Now let's say you finance the phone for $25 a month for 20 months. Your plan is now down to $80 a month, but you add $25 for the financing = $105 a month. $25 * 20 months is $500. So, you'll need a $150 down payment for a $650 phone (Essentially you're paying a subsidized price and paying via financing to make up the cost). In 20 months, T-Mobile has collected $2250 from you. For comparison's sake, let's say you stay on for 4 more months with your newly discounted $80 plan. In 24 months, T-Mobile has collected $2570. Minus the $650 they paid for the phone initially, they are left with a net $1920 over 2 years. That's a 1.5% profit loss for T-Mobile.
I used an iPhone as an example because this is MacRumors and all.

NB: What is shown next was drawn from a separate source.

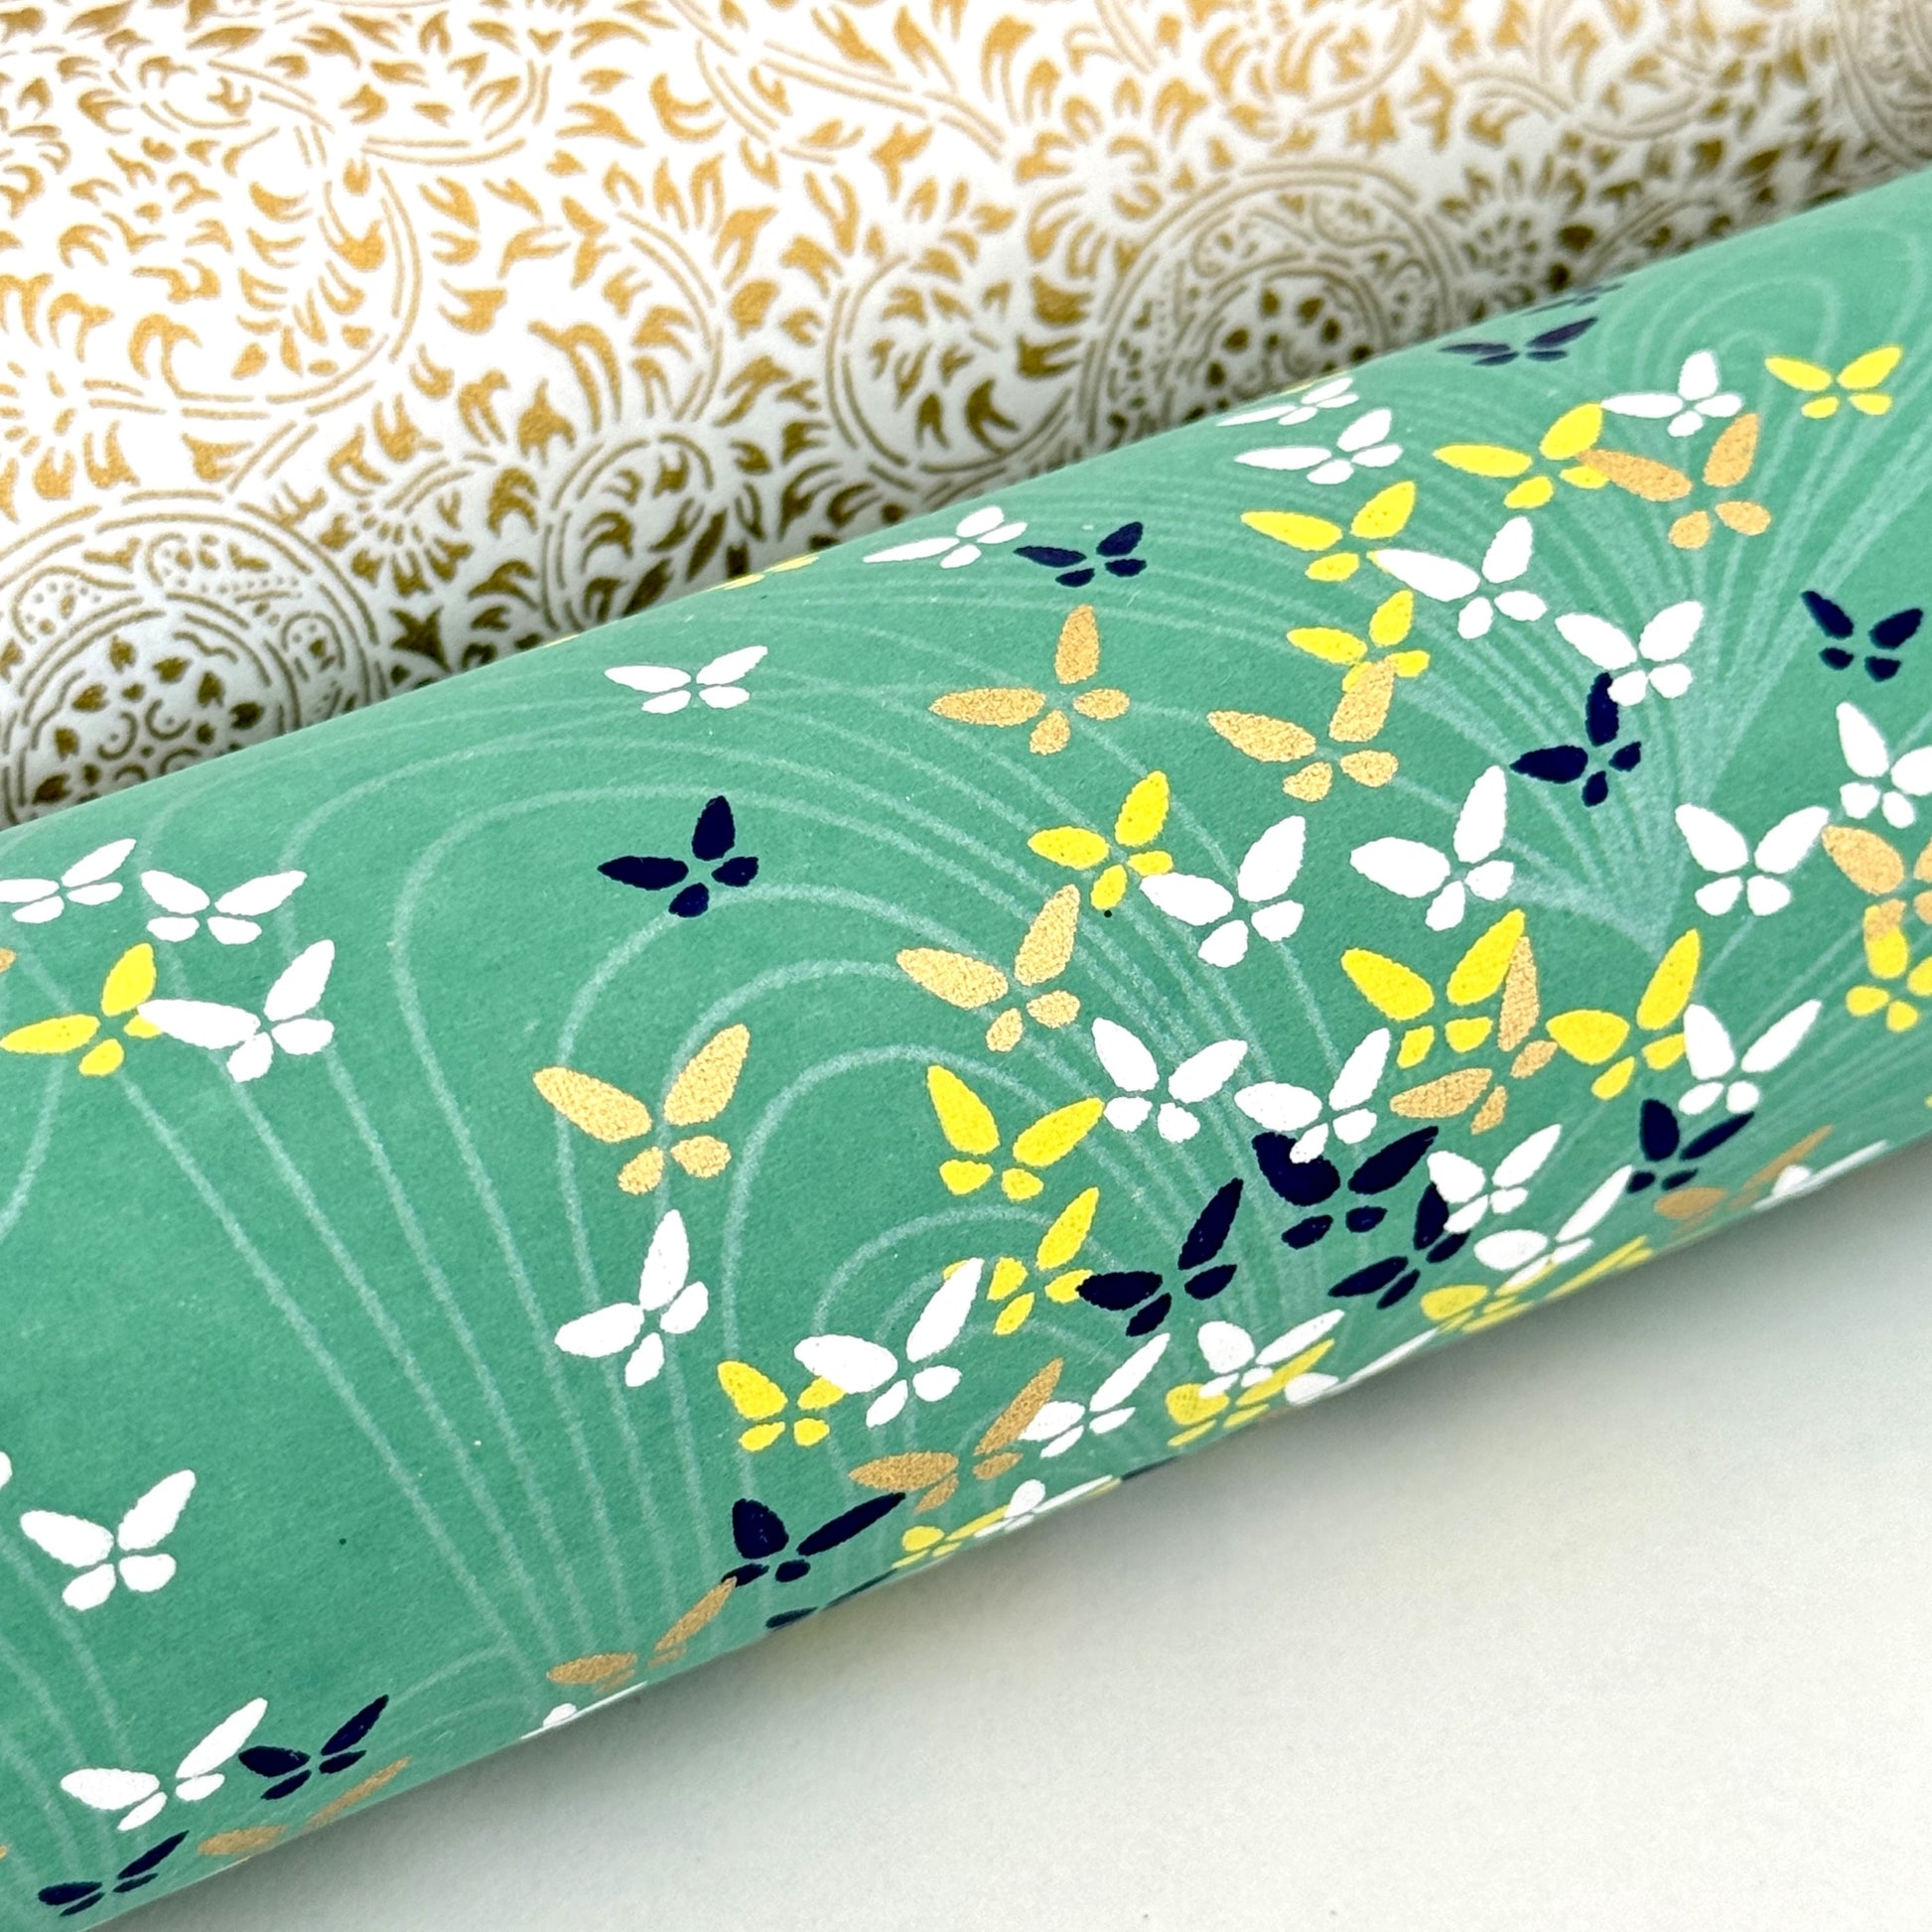 Japanese silkscreen chiyogami paper with a delicate butterfly pattern on a teal backdrop. Close up

As I said, the sole benefit would be not being tied to a contract if you pay 100% upfront. I guess being stuck in a 20-month financing contract is better than 24 months. Ultimately, even though the plan is discounted, you'll be paying the same once the financing is added in, which makes me question, 'What's the point'?
People who upgrade every 20-24 months would see their bill remain the same or increase by a few dollars depending on their down payment and type of phone as they'd probably upgrade as soon as possible. Carriers would see their profits remain the same or actually decrease a little.
The only way this makes business sense is for plans to stay right where they are with financing additional. Otherwise, it's like paying with $100 bill or 5 $20 bills. The end result is essentially the same.
If AT&T and VW follow these footsteps, they are not going to take a hit on their profits. T-Mobile's plan is great if you like their service and don't mind a few (temporary?) sacrifices and don't upgrade every few years.